Absence of the Relativistic Transverse Doppler Shift at Microwave Frequencies (http://www.atomicprecision.com/blog/wp-filez/Thim%20-%20Absence%20of%20the%20relativistic%20Doppler%20e ffect%20...%20.pdf)

The author claims he proved that he invalidated experimentally the SR prediction of a transverse Doppler effect for microwaves.
Its experimental setup is shown in figure 1.

Basically, an homodyne frequency-shift detection is used.
It involves a fixed source and a fixed detector.
The setup involves two paths: a "reference path" and an "active path".
In the active path, the microwave beam passes trough a rotating emission-reception system.
Because of the rotation of the beam within the "active path", the author claims a transverse Doppler effect should be observed.
The author did not detect any shift and concluded this invalidates SR.

I think this paper is totally wrong in its analysis and its conclusion. Experimental results are right but useless.
The source and the detector have no relative motion and therefore I would not expect ant Doppler shift.
In addition, if one considers a even simpler version of this experiment, the conclusion of "no Doppler shift expected" is even more obvious to me. This simplified version would be based on a cylindrical cavity in the "active path" whose walls would be rotating.

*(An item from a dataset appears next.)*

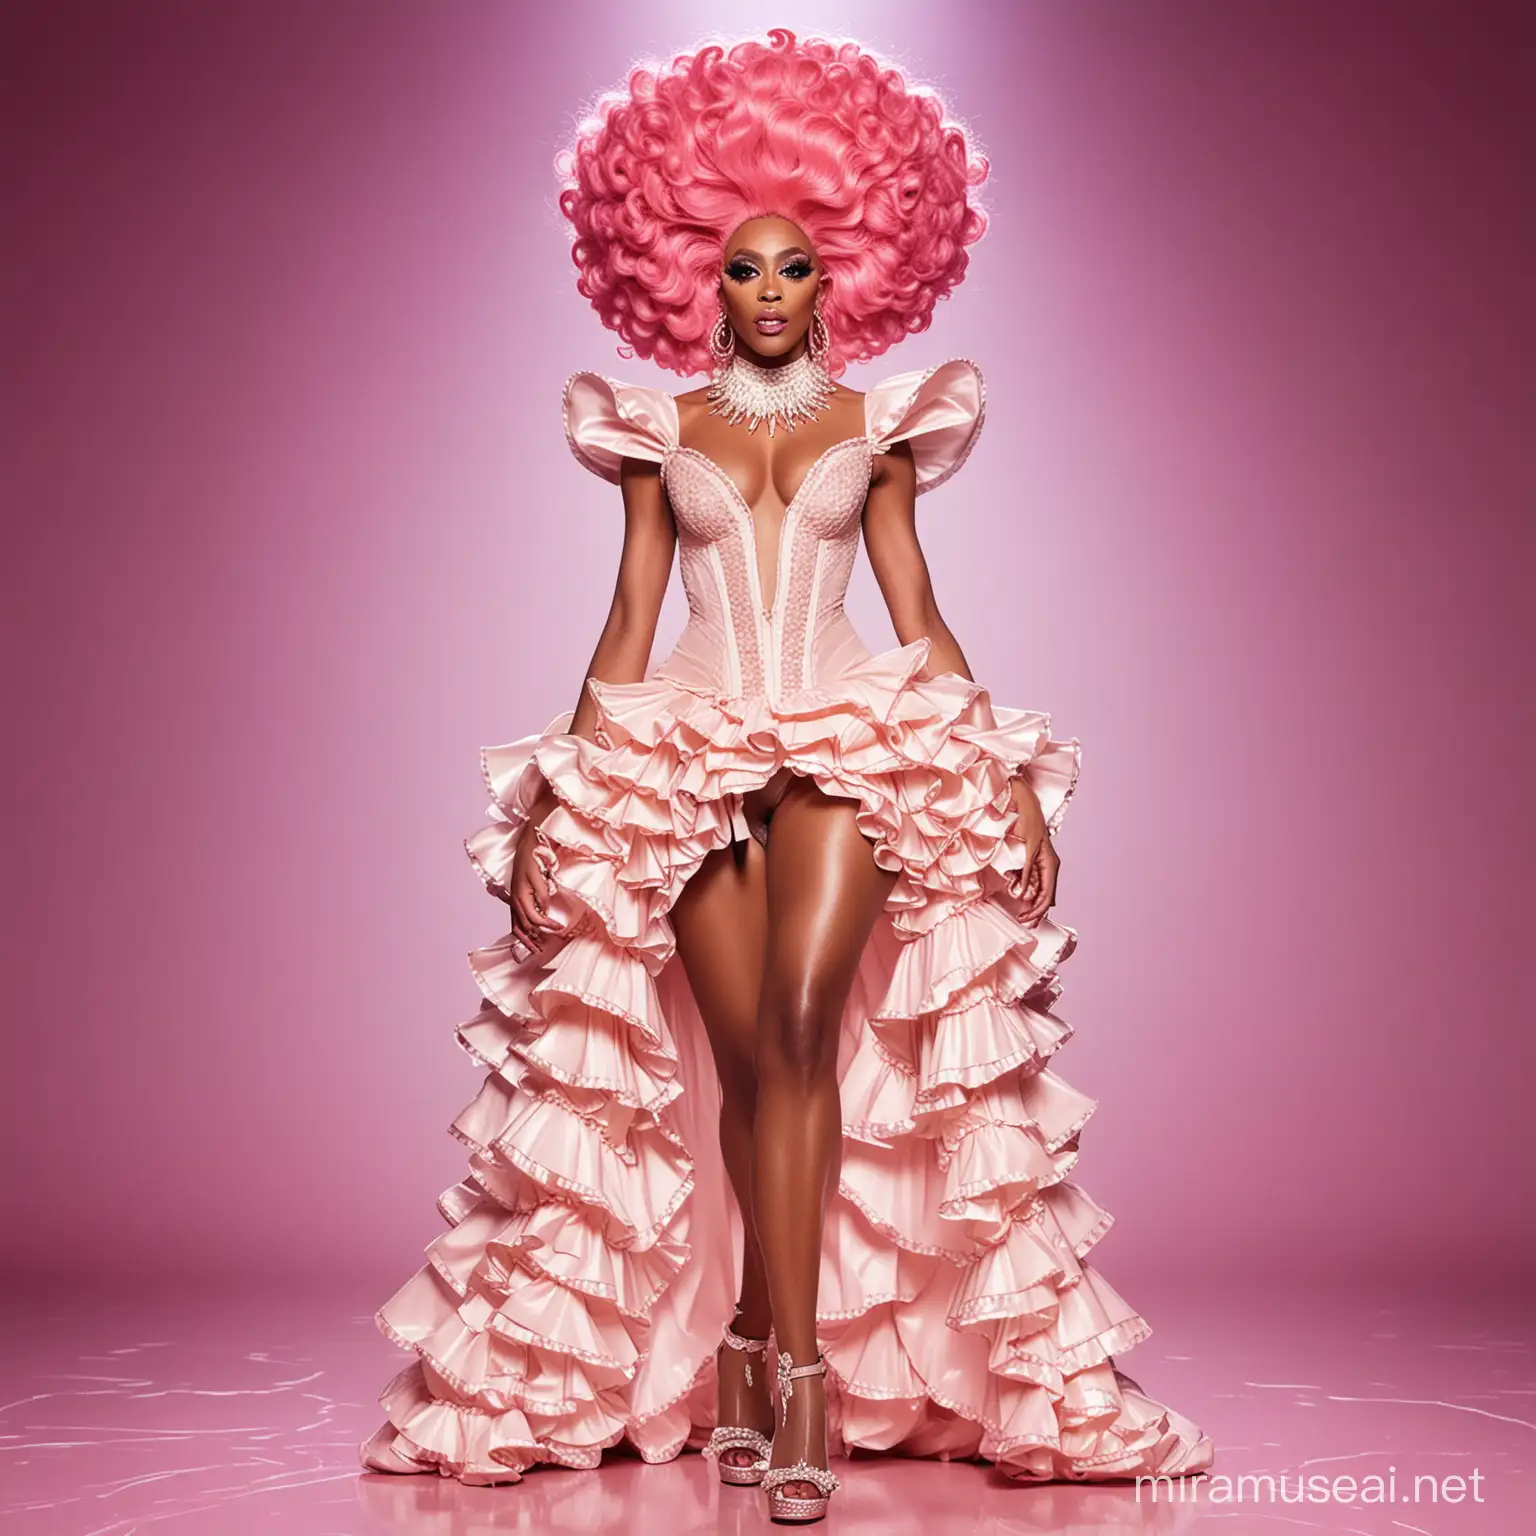 a full body image of a skinny african american drag queen walking on the Rupaul's Drag race runway wearing an outfit inspired by the prompt: ruffles

It is clear that rotating walls would make any difference compared with fixed wall: reflexion on perfect conducting walls does not depend on the transverse motion.

I would like to elaborate on my first impression.
I am interrested by your own ideas and comments on this experiement as well as in the basic theory to analyse such experiments in general.

Thanks

Ich
Aug26-07, 03:10 PM
Hi,

I did a quick analysis (http://22214.rapidforum.com/topic=100374605086&startid=2#37460508625640599) of this experiment one year ago, showing that SR predicts a null result, as measured. Sorry it's in German; in English: your first impression is right, emitter and source are at rest, that's it. What's happening between: the wavefront is blueshifted and tilted as seen by the rotating disk, and will be re-emitted blueshifted and tilted. No change happens.

I had a rather lengthy discussion with Prof. Thim via e-mail concerning another paper where he thought to show an inconsistency in the Lorentz Transforms. He emerged as a full scale crank, beyond any reasoning. Hard to believe that he was (is?) still teaching students at the University of Linz.